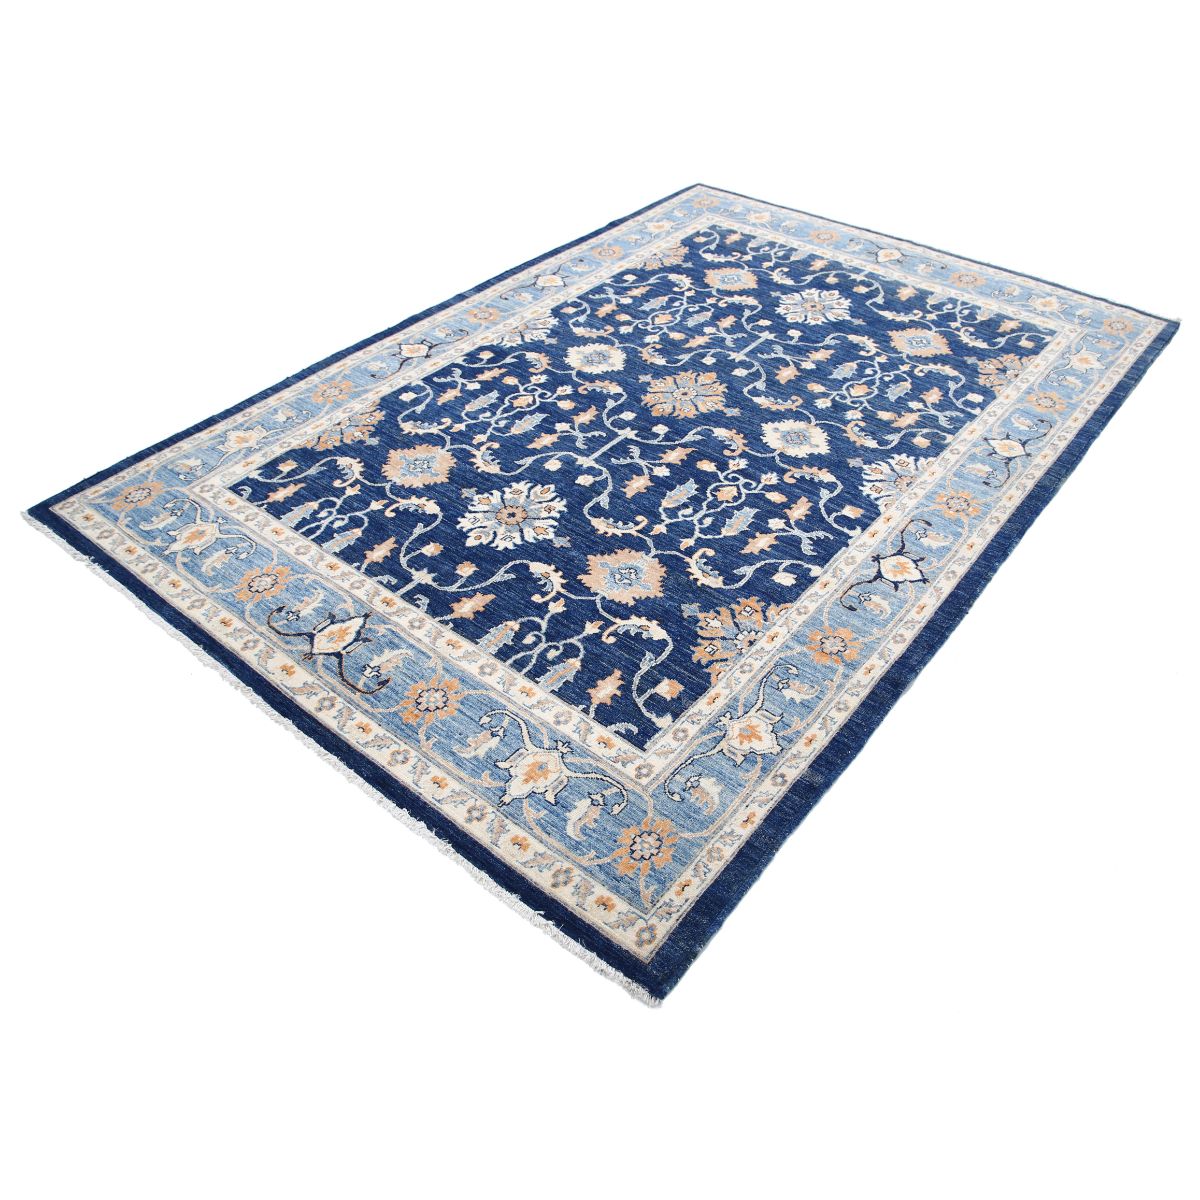 Ziegler 5'11" X 8'9" Wool Hand-Knotted Rug
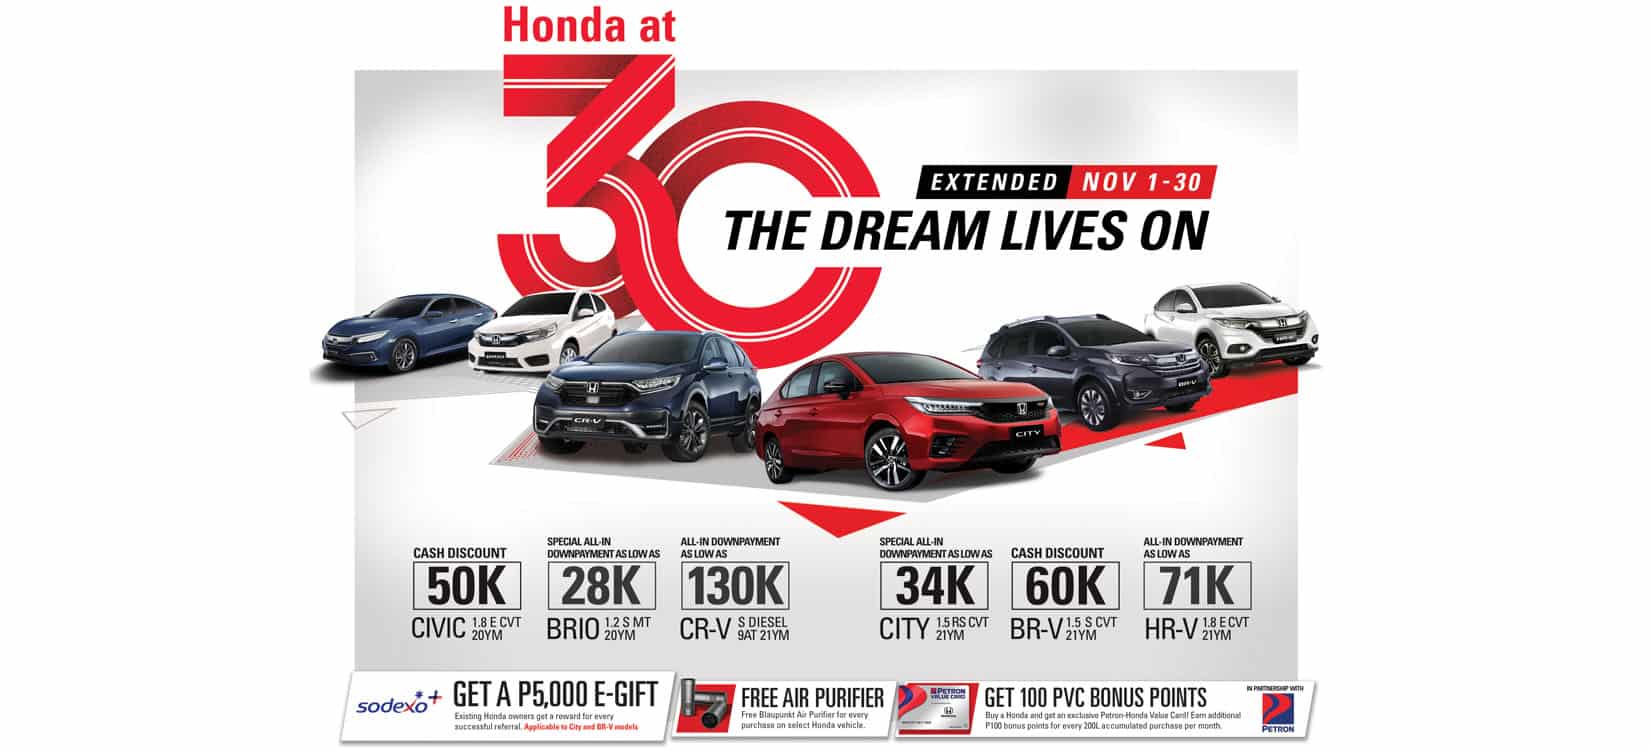 Honda Cars Philippines Honda Continues Its 30th Anniversary Celebration With Exciting Deals And Special Offerings This November
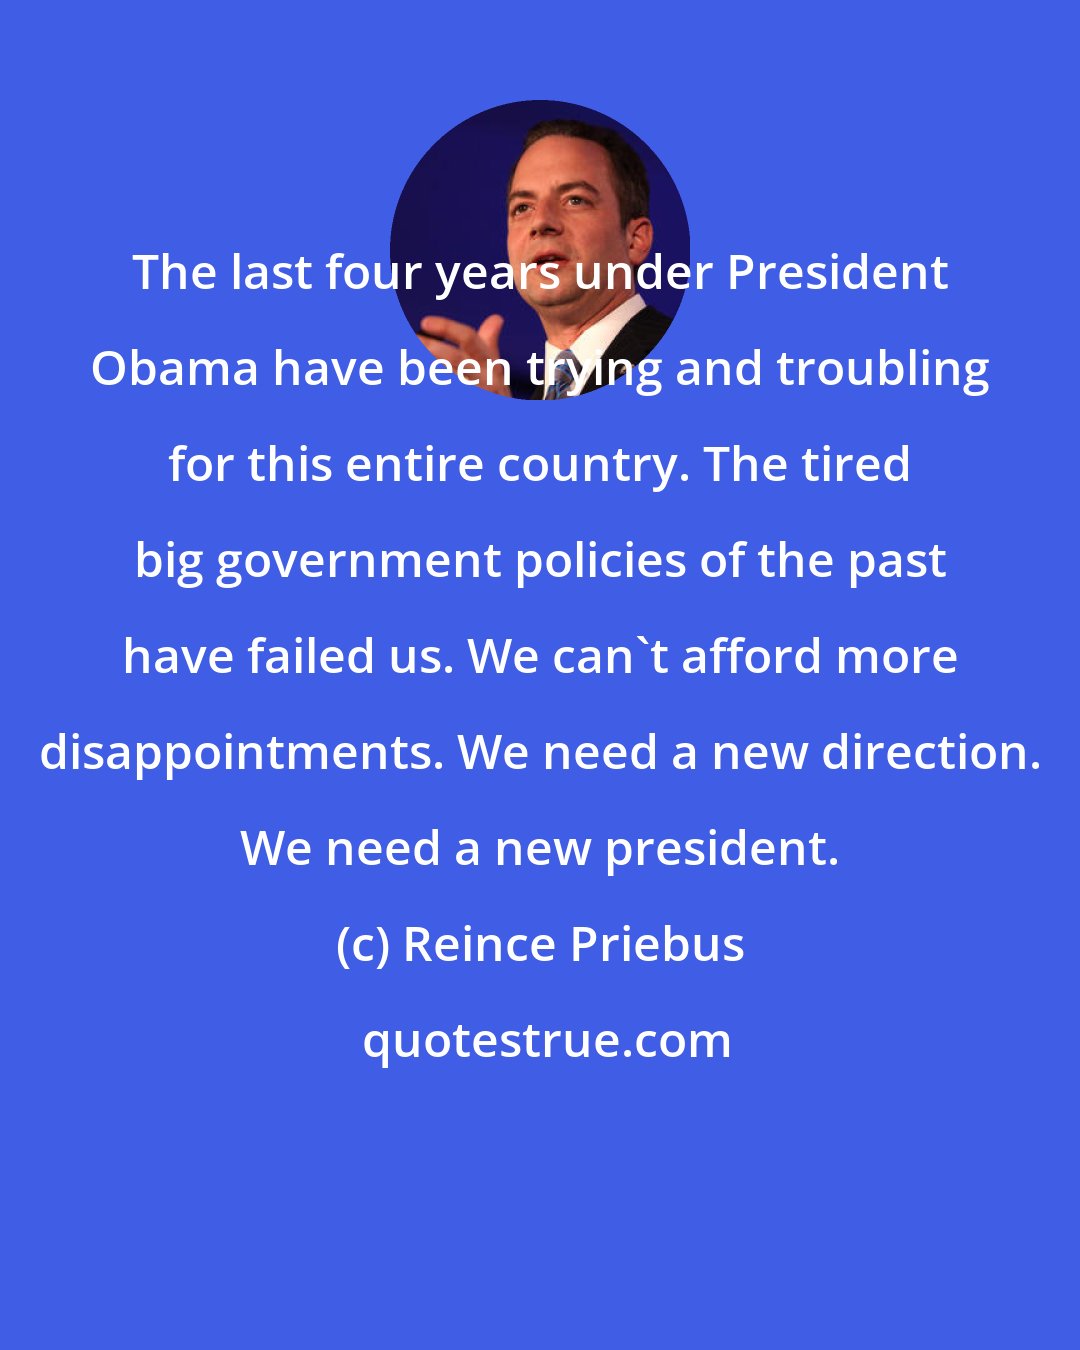 Reince Priebus: The last four years under President Obama have been trying and troubling for this entire country. The tired big government policies of the past have failed us. We can't afford more disappointments. We need a new direction. We need a new president.
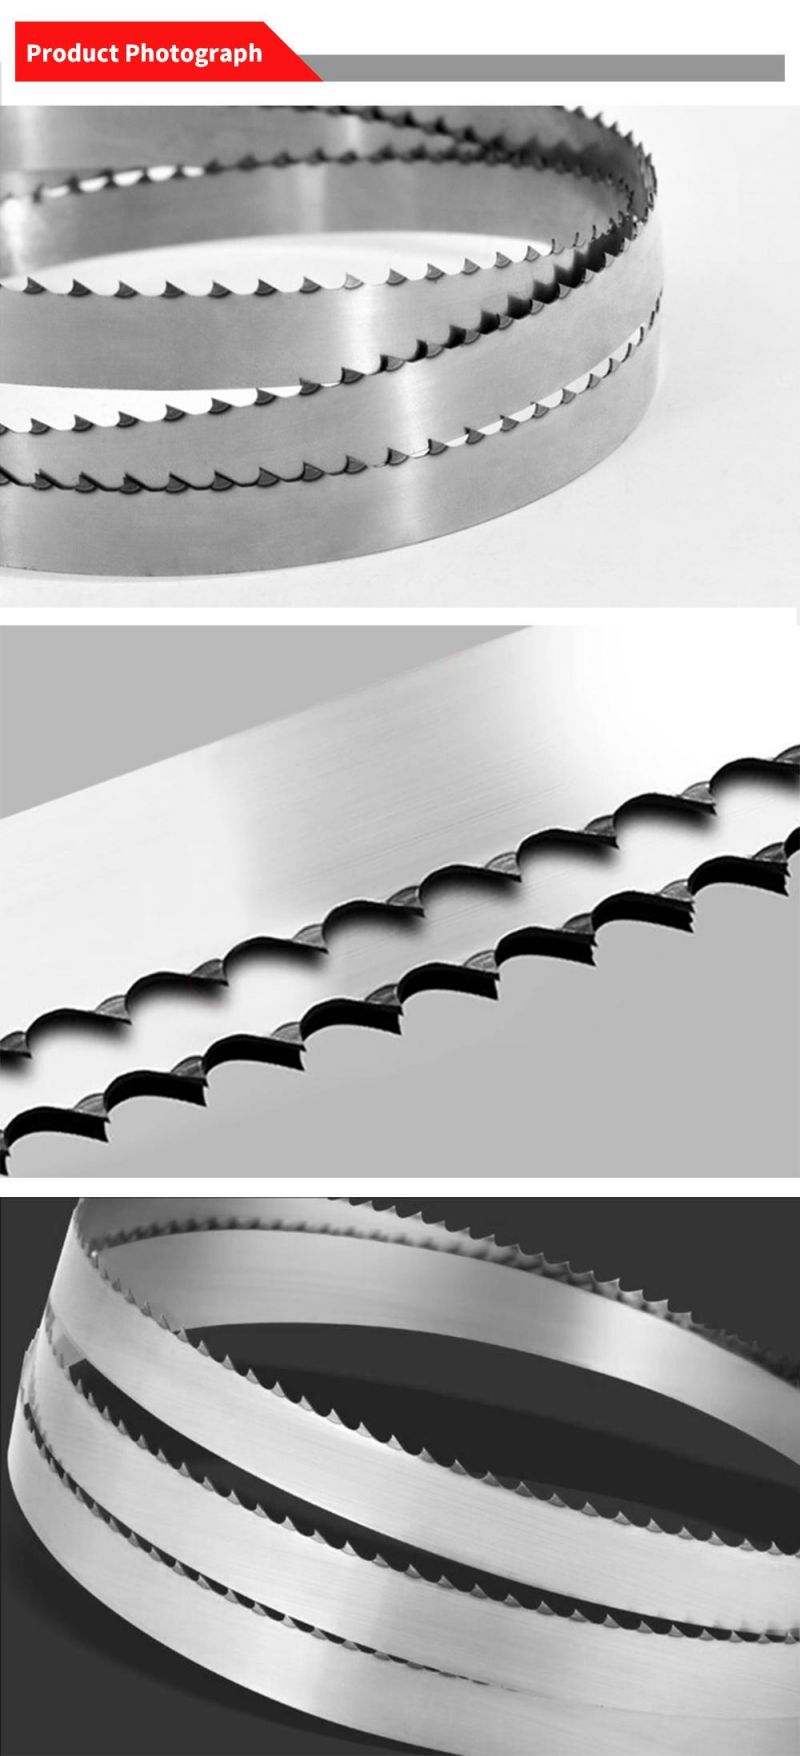 Band Saw Blade for Cutting Frozen Fish Meat Bones
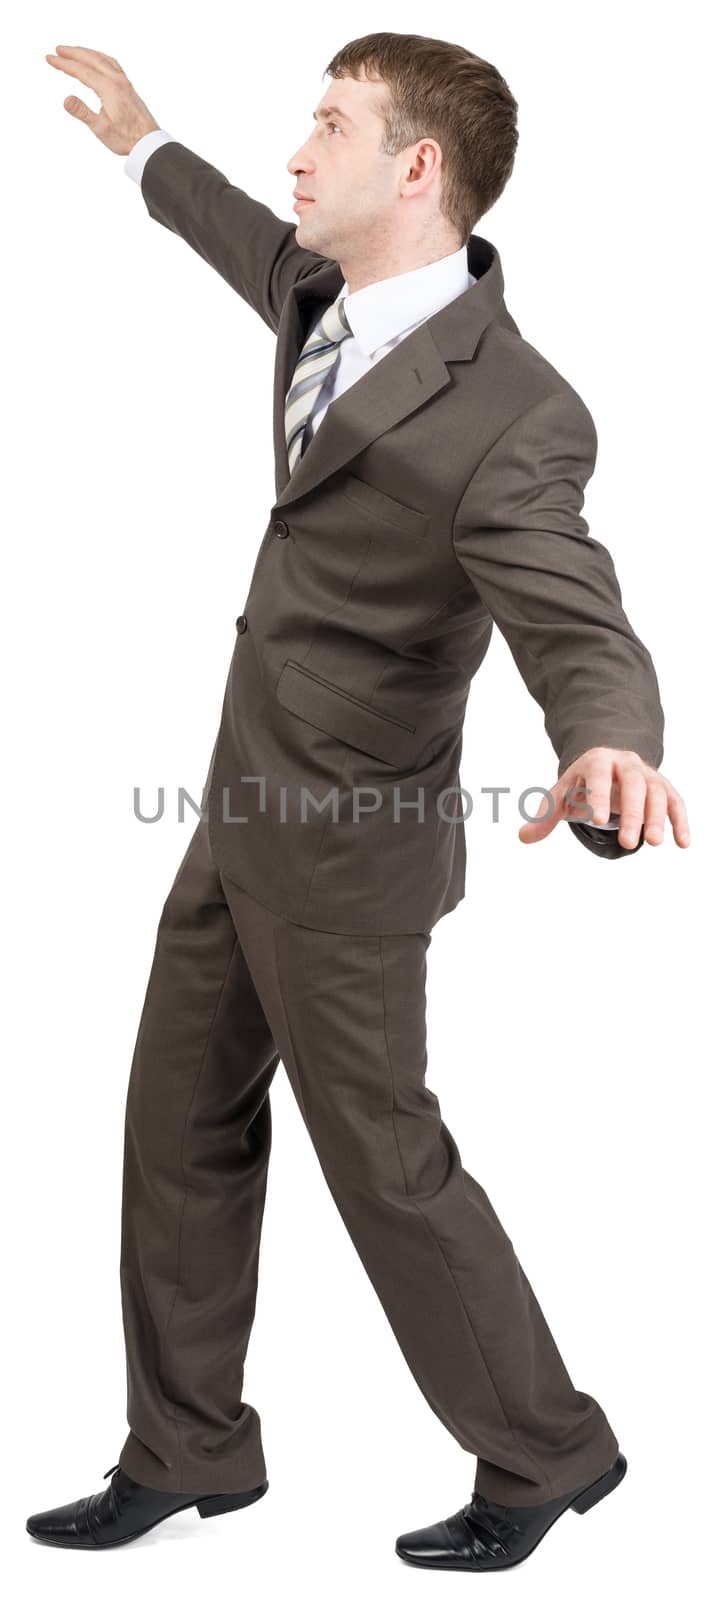 Businessman standing on tiptoes isolated on white background

Assignment — Omit the pictures; print the records above exactly.

Expected output —
 Ziegler 5'11" X 8'9" Wool Hand-Knotted Rug
 Honda Cars Philippines Honda Continues Its 30th Anniversary Celebration With Exciting Deals And Special Offerings This November
 Reince Priebus: The last four years under President Obama have been trying and troubling for this entire country. The tired big government policies of the past have failed us. We can't afford more disappointments. We need a new direction. We need a new president.
 Band Saw Blade for Cutting Frozen Fish Meat Bones
 Businessman standing on tiptoes isolated on white background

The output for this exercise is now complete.